While there are many types of grooving operations that can be performed on miniature parts, an end user first needs to define grooving. “HORN defines a grooving operation as any operation removing material between two flanks,” Drape said. “Keeping your mind open, this means:
• threading—constant helical groove,
• parting off—grooving until no more material,
• forming—consists of a groove and possibly some OD or ID cutting, and
• broaching—groove or form placed axially, not radially.”
He added that the most commonly used operations on miniature parts include ID and OD grooving of seals, ID and OD threads, relief grooves for mating components and broaching of keyways, hexes, squares and Torx features.
OD grooving is easiest to generate by side turning or plunging, starting at around 0.020 " wide, according to Iscar’s Kelling.
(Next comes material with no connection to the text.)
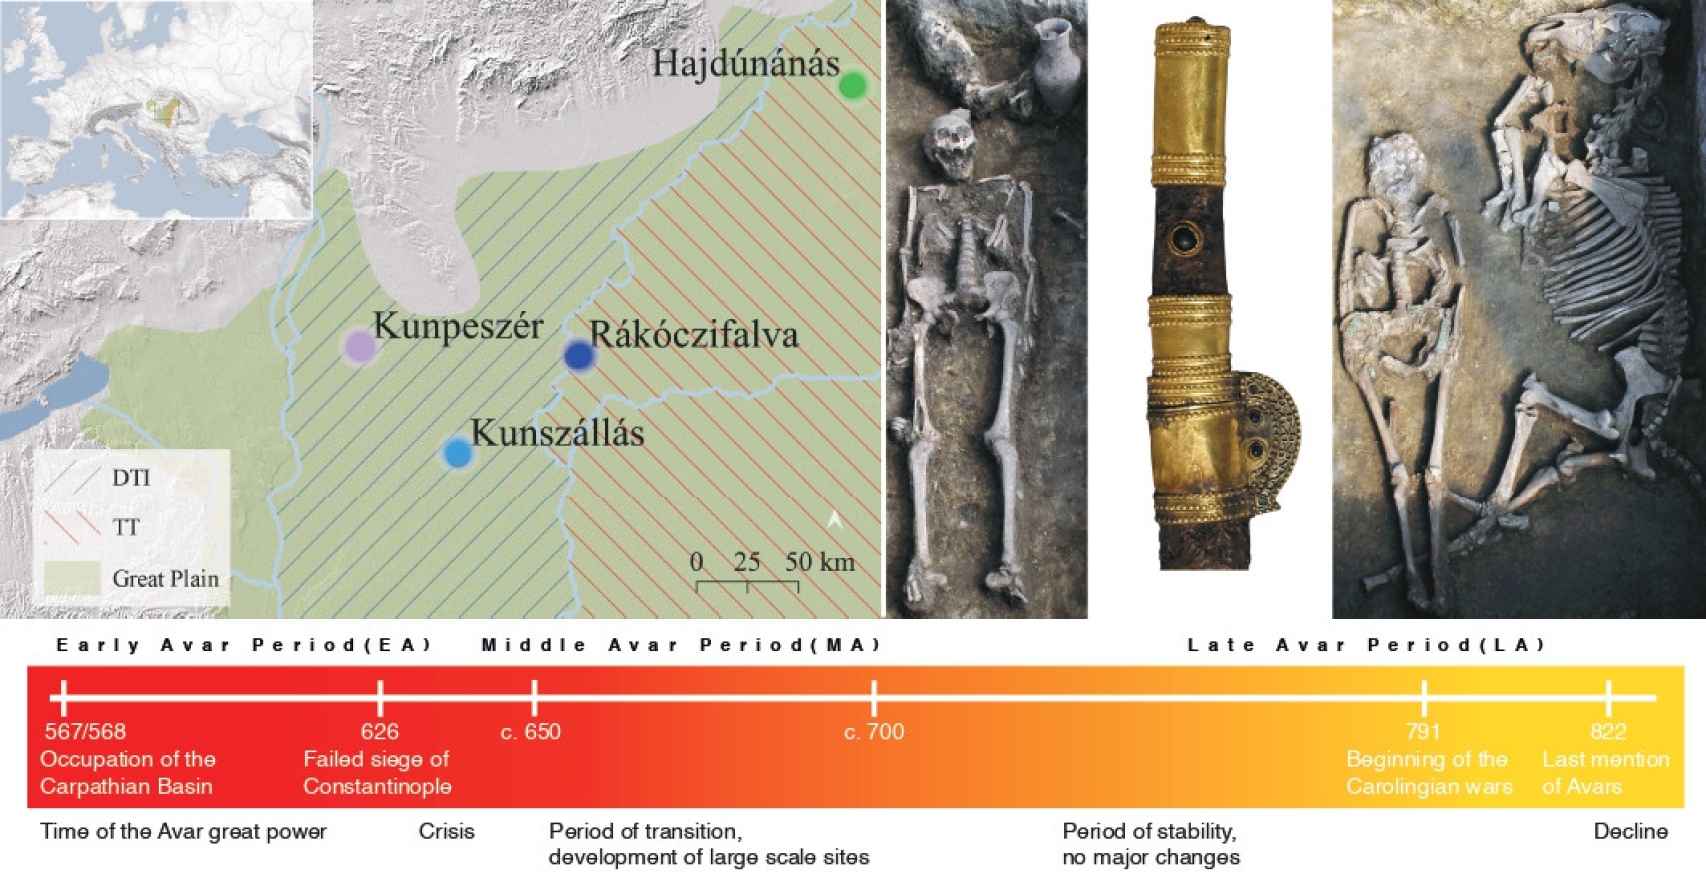 Mapa de la gran llanura húngara con la localización de las cuatro necrópolis estudiadas. A la derecha, elementos que caracterizan los enterramientos de estas poblaciones, como las espadas y los restos de animales.

For this application, Iscar recommends its PENTACUT insert with five cutting edges and a molded chipformer.
For ID grooving and undercutting, the company recommends a coolant-feed, solid-carbide insert, starting at a 0.002 " radius and a 0.024 " ID.
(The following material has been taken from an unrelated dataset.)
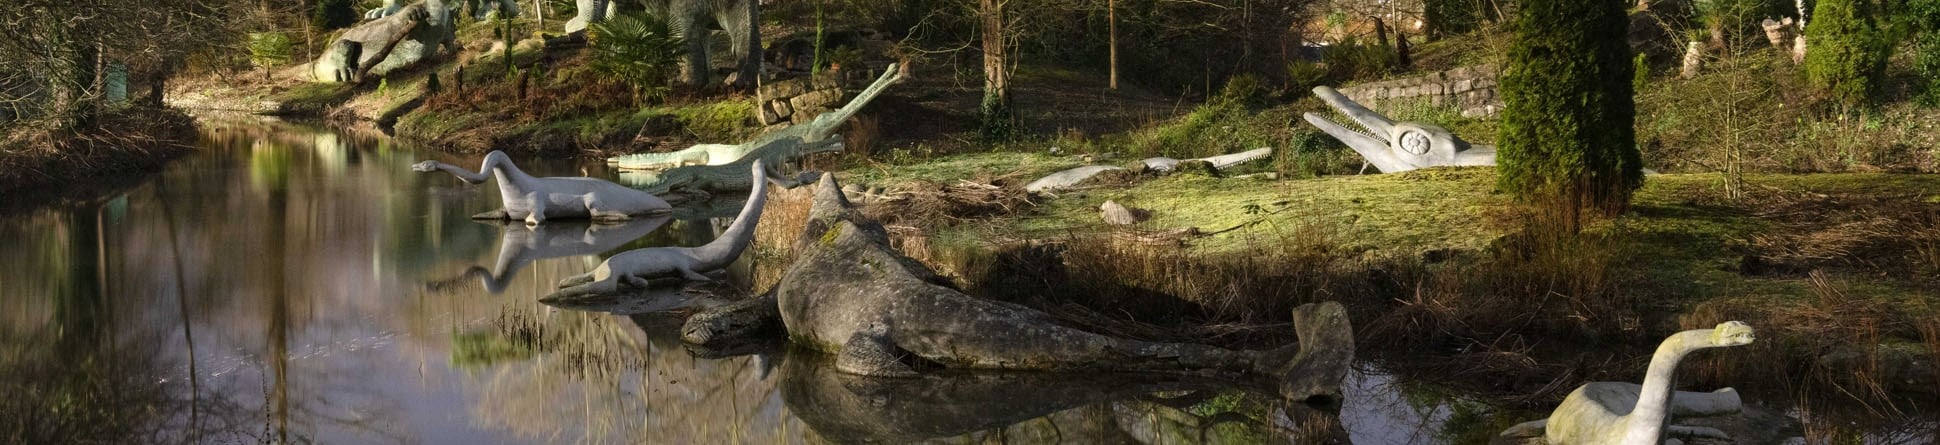 Dinosaur statues at Crystal Palace

For face grooving miniature parts, Iscar recommends its standard solid-carbide inserts, which start at 1mm wide and an ID of 0.236 ".
Special application methods recommended by Iscar use face forming and trepanning inserts to produce intricate forms containing grooves on the ends of some parts. Also, a multifunction tool that performs slotting and grooving has been used in several applications, according to Kelling. “When applications are reviewed, the focus is on using the fewest cutting tools,” said Kelling. “This decreases the required number of cutting tools, tool stations and tool change times, which reduces tooling costs along with machining cycle time.”
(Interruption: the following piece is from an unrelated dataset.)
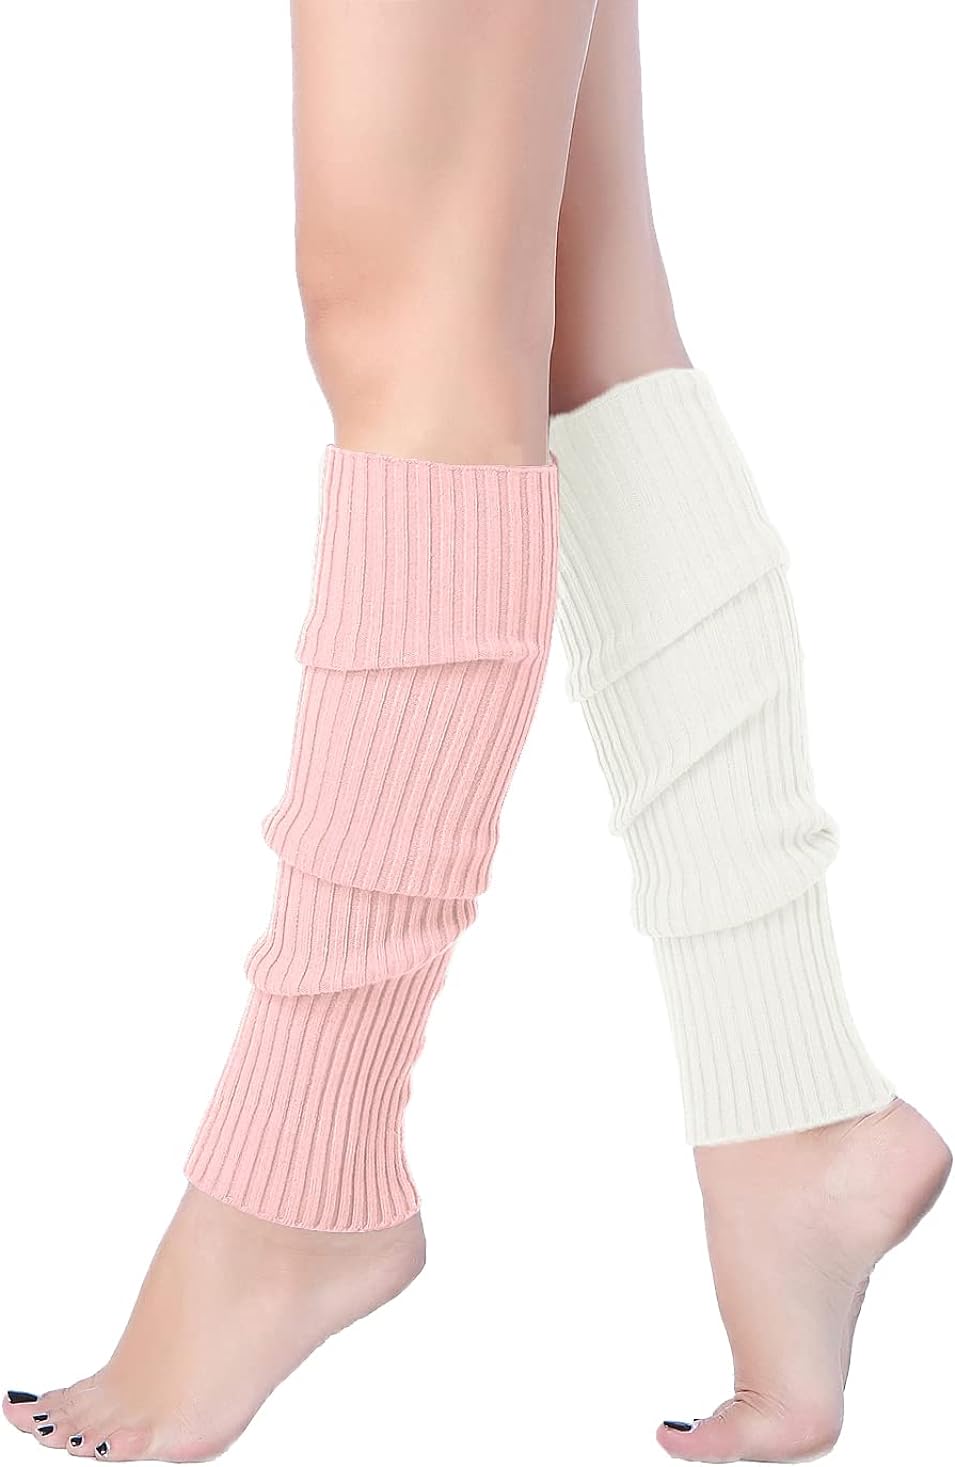 v28 Women Warm Leg Warmers 80s Retro Party Costume Knit Ballet Neon Long  Socks

OD grooving, such as parting off, can be performed with a PENTACUT tool with five cutting edges and a molded chipformer.
While many shops purchase off-the-shelf grooving tools for miniature part applications, larger manufacturers that use high volumes of these tools may purchase blanks and grind their own tools. “We offer our Micro-Mini solid-carbide grooving tools that can be made into specials,” said Chris Wills, product specialist, Mitsubishi Materials USA Corp., Schaumburg, Ill. “Our customers do the finishing work themselves. Higher-end users will have a high-precision grinder, or they will send it to a supplier and have them custom made,” he said.
The Micro-Mini tool line is offered in widths of 1mm and 2mm with radii down to 0.05mm. Shank sizes vary depending on the round shank holders on the machine they are used for. Standard groove widths for Mitsubishi’s indexable GTAT grooving insert line are 0.3mm to 3.0mm (0.012 " to 0.118 ").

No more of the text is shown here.